The Sound of What Happens 2013

The Sound of What Happens • 2013

According to The Economist, brain scans have now confirmed what everybody always knew: males are hard-wired for monomania, an exaggerated preoccupation with single things. Perhaps it is an act of monomania on my part to set out to encompass an entire year in a single theme, one unifying idea, one ringing song. But every grand movement begins with a small melody, a rhythm from which to bootstrap ourselves into counterpoint, community, and emergence. At best it aspires to be a hierophany, that singular instant when the sacred breaks through the commonplace, if only in the faintest of music. Just a breath, just a moment, a shiver and a few goosebumps, a fleeting harmony that if remembered might bring joy thereafter.

If our family's year was a grand movement, it contained yet another change of key. In June we relocated from Cambridge, MA to Rochester, NY, moving again for a job, but this time to stay awhile. We have settled into a beautiful 1910 house with stained glass and American chestnut trim, situated among sidewalks, parks, cafes, and great neighbors. Martha and Jessie are in first and second grade, having finished a year of Portuguese immersion (with fabulous teachers) and now studying Spanish. Martha loves games (Uno, Four-in-a-Row, Battleship) and learned to read as if a switch were thrown, suddenly rattling off all sixty-odd pages of Green Eggs and Ham. Jessie sews often, stitching doll clothes and Christmas presents, and keeps her very own room immaculately organized. Both girls enjoyed an after-school cooking class in the fall and look forward to Girl Scouts every week. This year they were excited to upgrade to bikes with gears, and lately they have spent long hours digging snow forts in the front yard.
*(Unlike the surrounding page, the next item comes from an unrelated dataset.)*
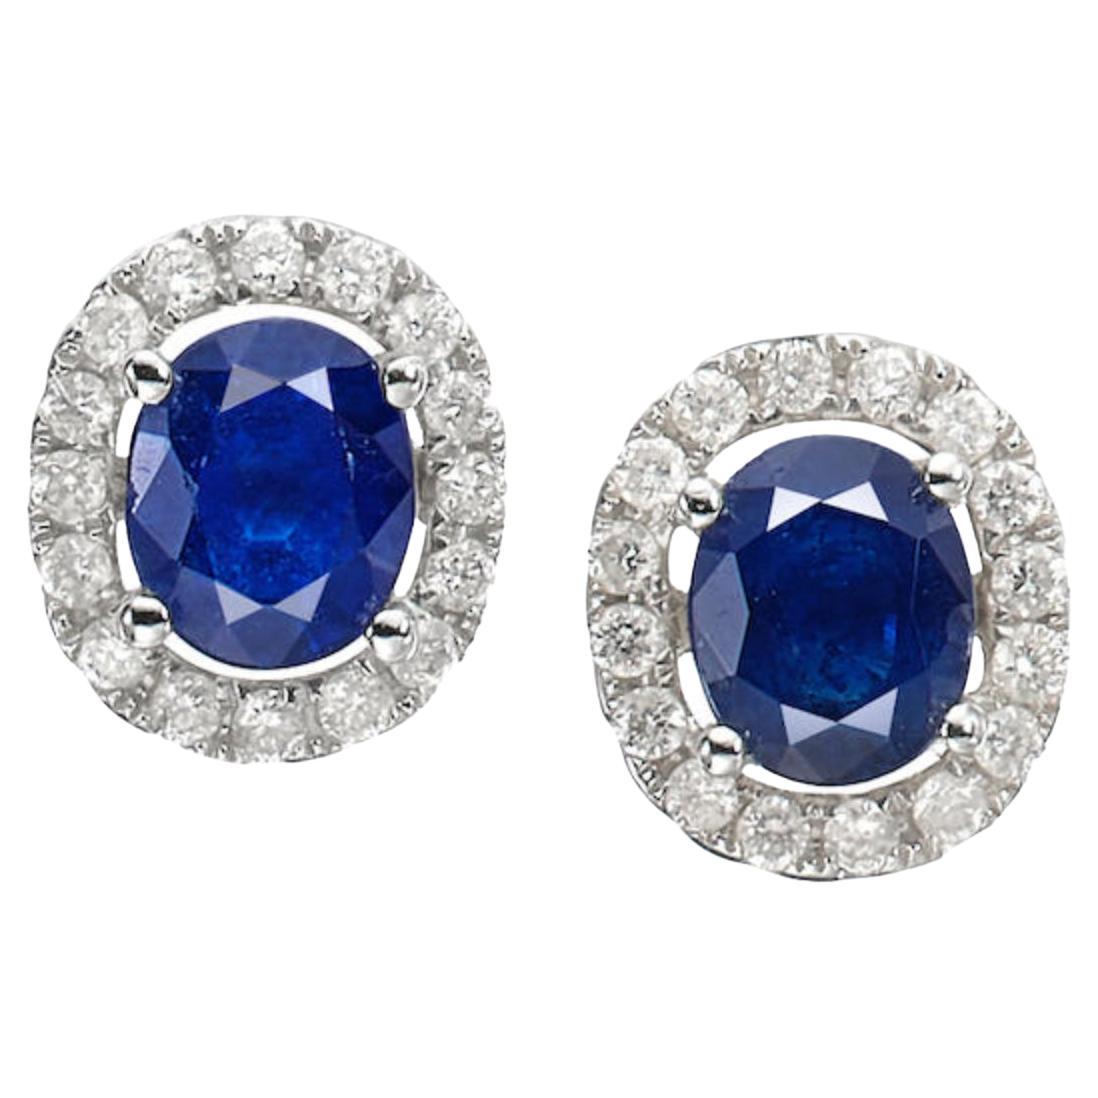 Blue Sapphire Stud Earrings with Diamonds
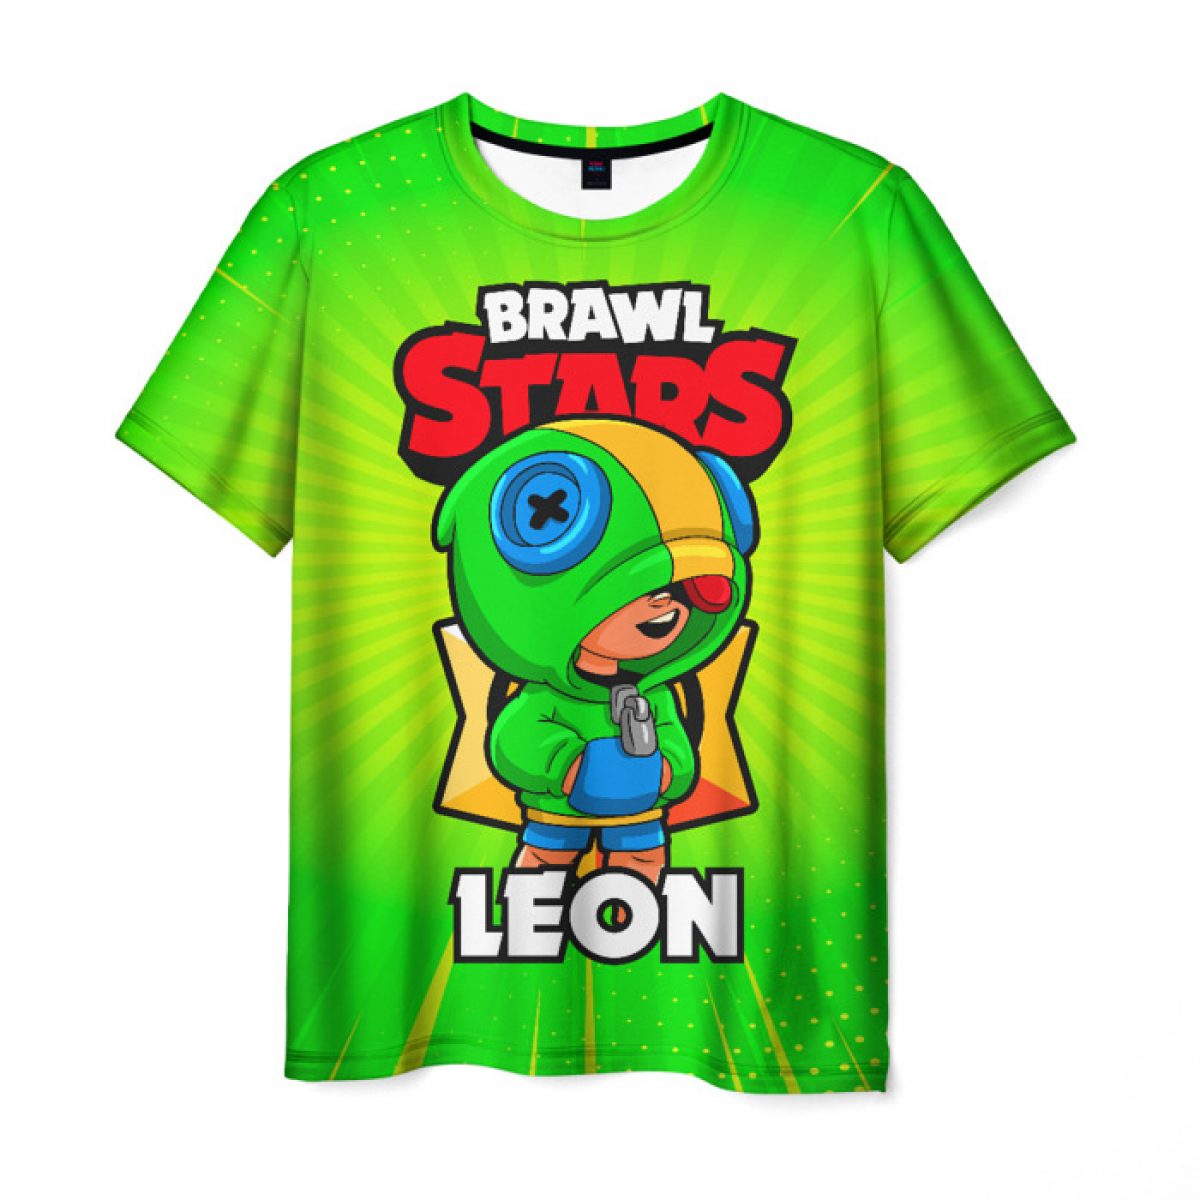 Buy Men S T Shirt Green Design Print Brawl Stars Leon Idolstore - leon in shop brawl stars

As 2013 began, Neely met two women with a vision of mobilizing mothers around the issue of climate change. The rest will go down in history: Mothers Out Front is growing steady and gaining momentum, supported by an ever-larger cohort of mothers, not least of all Neely. She has run house parties, organized teams, coached other organizers, served on the leadership team, helped set organizational strategy, and volunteered for a host of smaller tasks. Meanwhile she's halfway through a Masters in accounting from the University of Rochester. She even found time to go backpacking with some colleagues and me in August — and lived to tell the tale.

In July I joined the faculty of mechanical engineering at the University of Rochester. The many demands on the time of a new professor combine with Neely's full-time volunteering and full-time enrollment to make a hectic, sometimes sleep-deprived year. But my colleagues are great, my students are excellent, and I enjoy the work. The other day a website security question asked for my dream job, and I knew right away, with a shudder: professor. At the U of R I'll continue the battery studies I started last year, study ocean mixing (building on more prior work), and probably conjure a few new research topics by the time I write the next Christmas card.

This year we have been happy to host both Kelleys and Ellefsons at our new (roomier!) place in Rochester, plus many visitors to our small Cambridge apartment. We traveled to Dallas for Caine and Emily's wedding, and I took two quick trips to Alabama, once driving a truckload of furniture back to our new old house (thanks Tingham!). Jessie and Martha also spent five weeks soaking up warmth and sunshine down South — thanks for that go to their grandparents, who hosted. Sadly we lost our greyhound Nina to bone cancer this fall. Young Abigail (18 months) joined us soon thereafter, and is keeping old Blaze (6 years) on his long, thin toes.

So the musical themes of our lives play on, and we do our best to find the melody and sing along, to live the mad joy of life in our own key. And legend has it, when the mythical hero Finn McCool was asked which music is best of all, he knew: “My dear companions, boon to my heart, always remember, it is the Sound of What Happens, that alone is the finest music in all the world.” This Christmas we wish you harmony and bliss in the Sound of What Happens.